Ejectée de Mars par l’impact d’un astéroïde, cette roche martienne baptisée « Tissint » a terminé sa course dans le désert du Maroc le 18 juillet 2011. Elle présente des cavités remplies de traces de matière carbonée. Ces dernières ont fait l’objet d’une analyse poussée réalisée par l’Ecole polytechnique fédérale de Lausanne (EPFL) et une équipe internationale (Chine, Japon et Allemagne).
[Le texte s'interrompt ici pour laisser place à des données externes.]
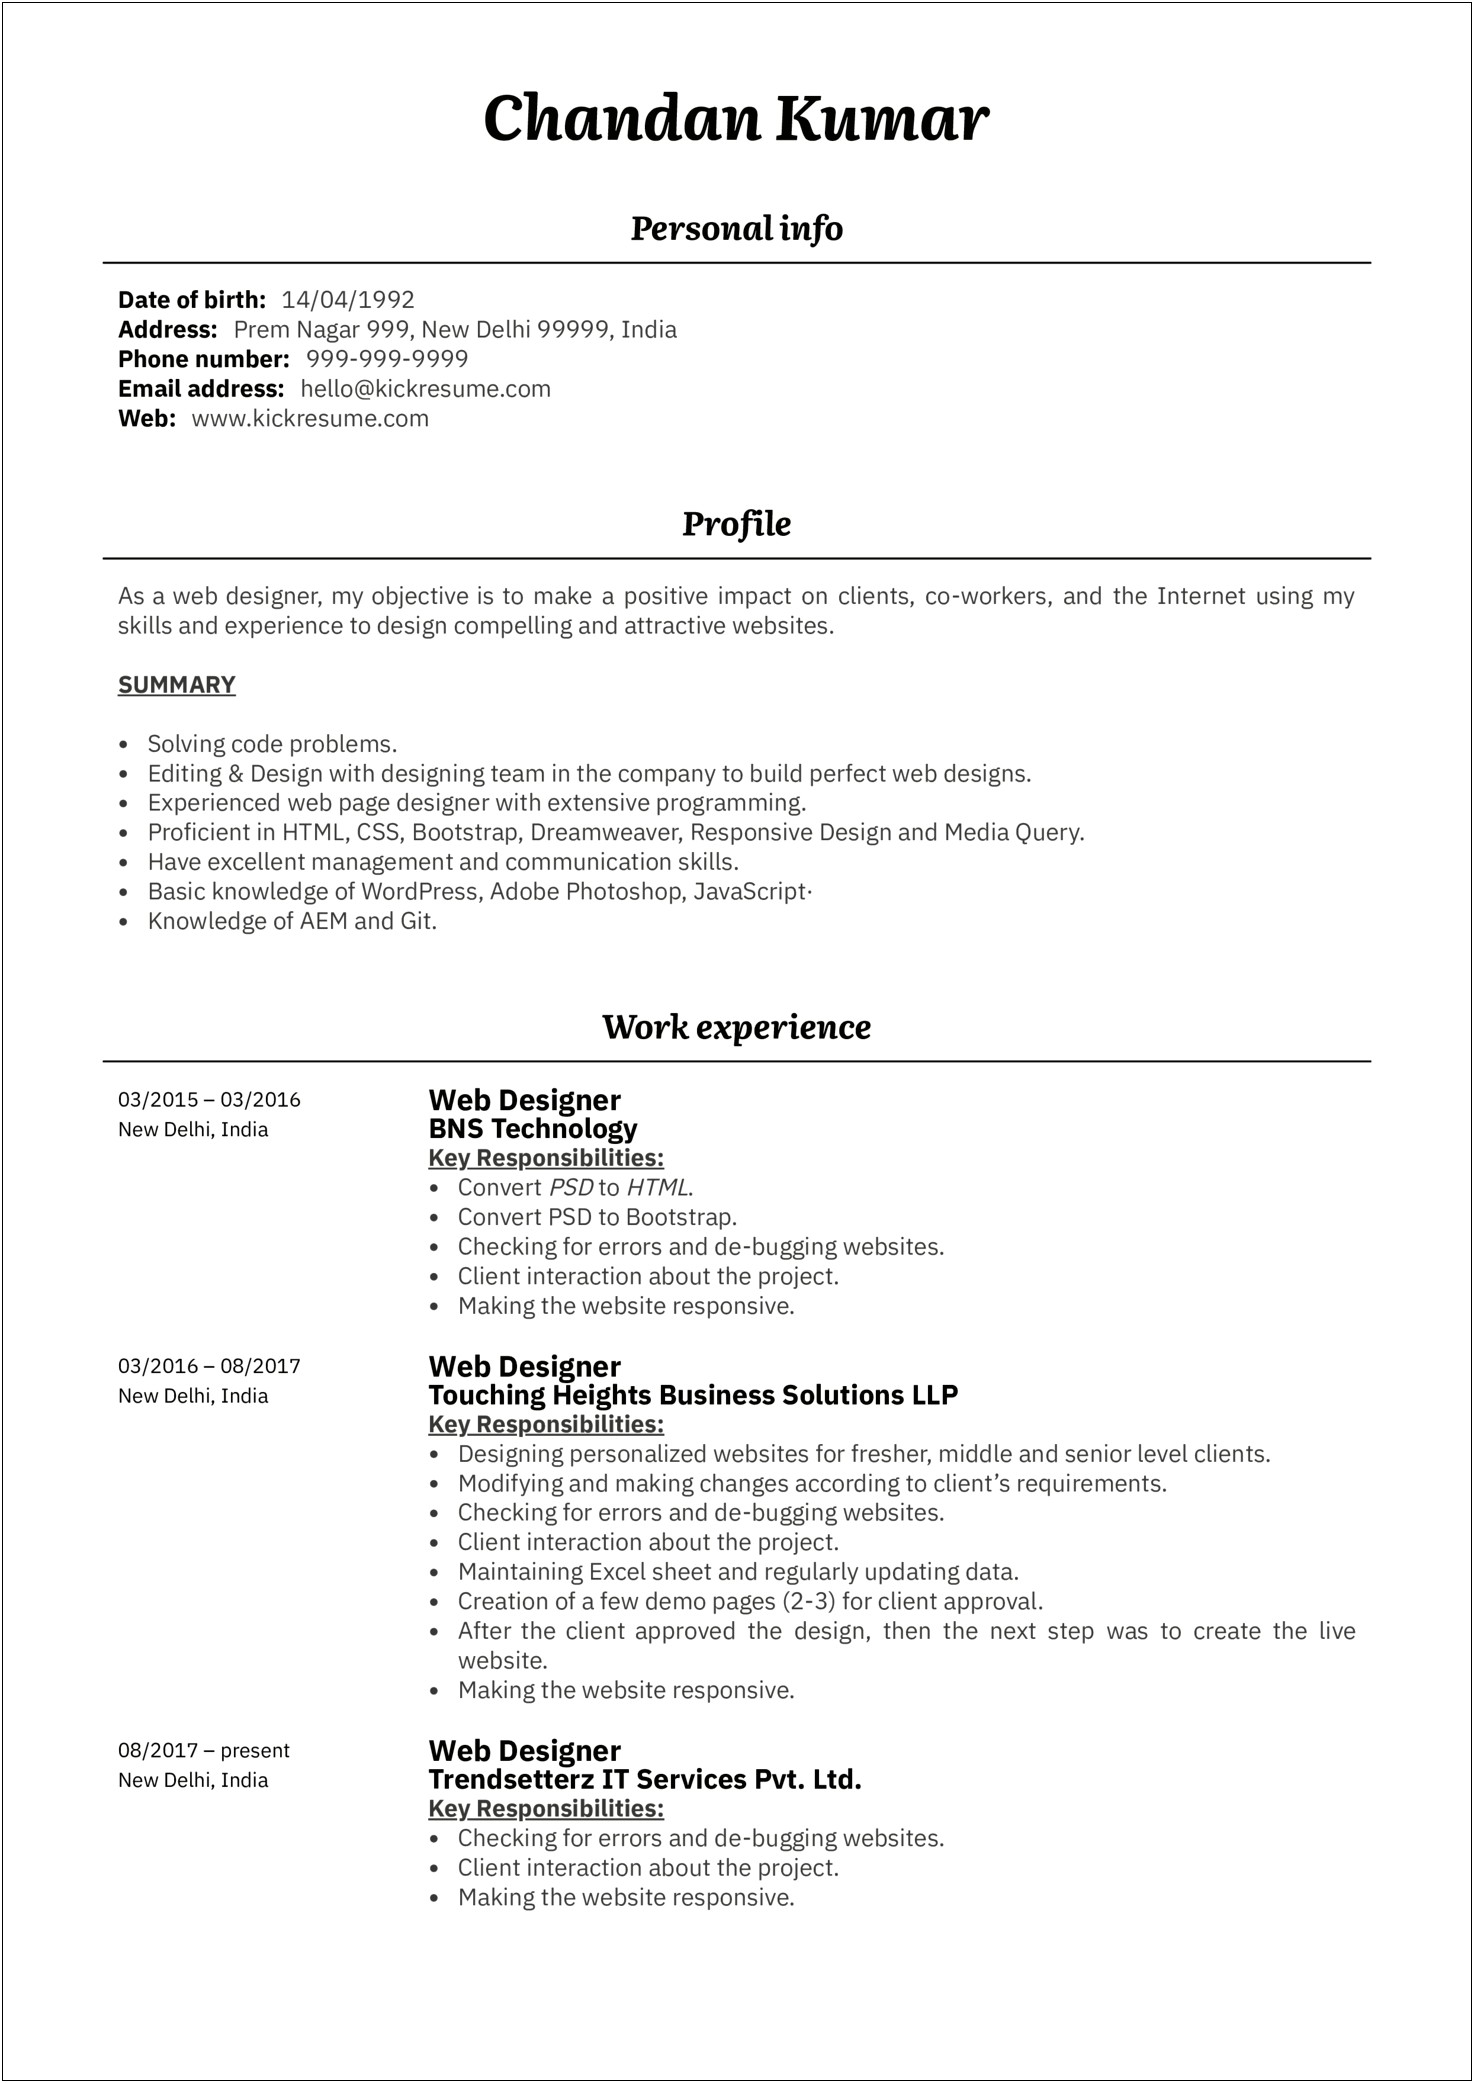 A Good Profile Statement For A Resume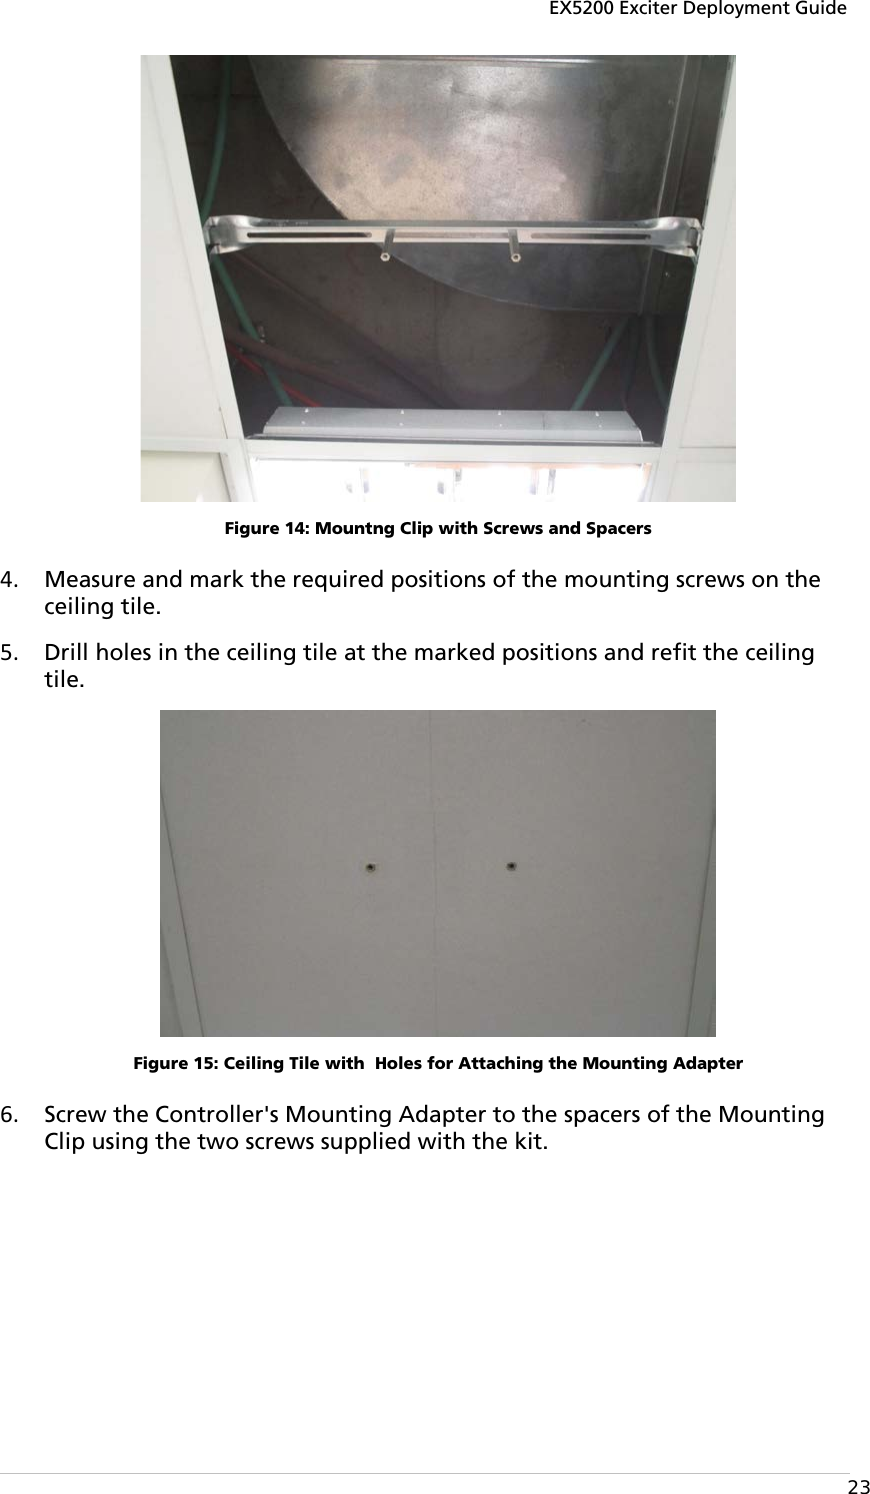 EX5200 Exciter Deployment Guide  23  Figure 14: Mountng Clip with Screws and Spacers 4. Measure and mark the required positions of the mounting screws on the ceiling tile.  5. Drill holes in the ceiling tile at the marked positions and refit the ceiling tile.  Figure 15: Ceiling Tile with  Holes for Attaching the Mounting Adapter 6. Screw the Controller&apos;s Mounting Adapter to the spacers of the Mounting Clip using the two screws supplied with the kit.

Leurs résultats « plaident pour une origine biologique de ces inclusions » de carbone, a déclaré l’EPFL dans un communiqué. « Celles-ci feraient suite à l’infiltration d’un liquide riche en matière organique dans les fissures de la roche lorsque celle­-ci était encore sur la Planète rouge », estiment les chercheurs dont l’étude est publiée mardi dans Meteoritics and Planetary Sciences.

Des composés organiques arrivés par infiltration d’eau

« Jusqu’ici, aucune autre explication ne nous convainc davantage », a déclaré Philippe Gillet, directeur du Laboratoire des sciences de la Terre et des planètes de l’EPFL. Plusieurs équipes de recherche ont d’ores et déjà pu démontrer que la météorite venait de Mars et que ce composant était de nature organique. Mais le débat sur l’origine de ce carbone bat son plein.

Des analyses chimiques, microscopiques et isotopiques de cette matière carbonée ont « montré que ces inclusions avaient été piégées dans la météorite avant qu’elle ne soit éjectée de Mars en direction de la Terre », selon les chercheurs. Ils jugent « probable » que cette matière ait été déposée à basse température dans ces fissures « par infiltration d’un liquide riche en composés organiques ».

Philippe Gillet reconnaît qu’ « il est délicat d’asséner des certitudes, surtout dans un domaine aussi sensible ». Il se dit « ouvert à ce que d’autres études viennent contredire » la sienne. « Mais nos conclusions sont toutefois de nature à relancer activement le débat consacré à l’existence possible d’une activité biologique sur Mars, du moins dans le passé », se félicite-t-il.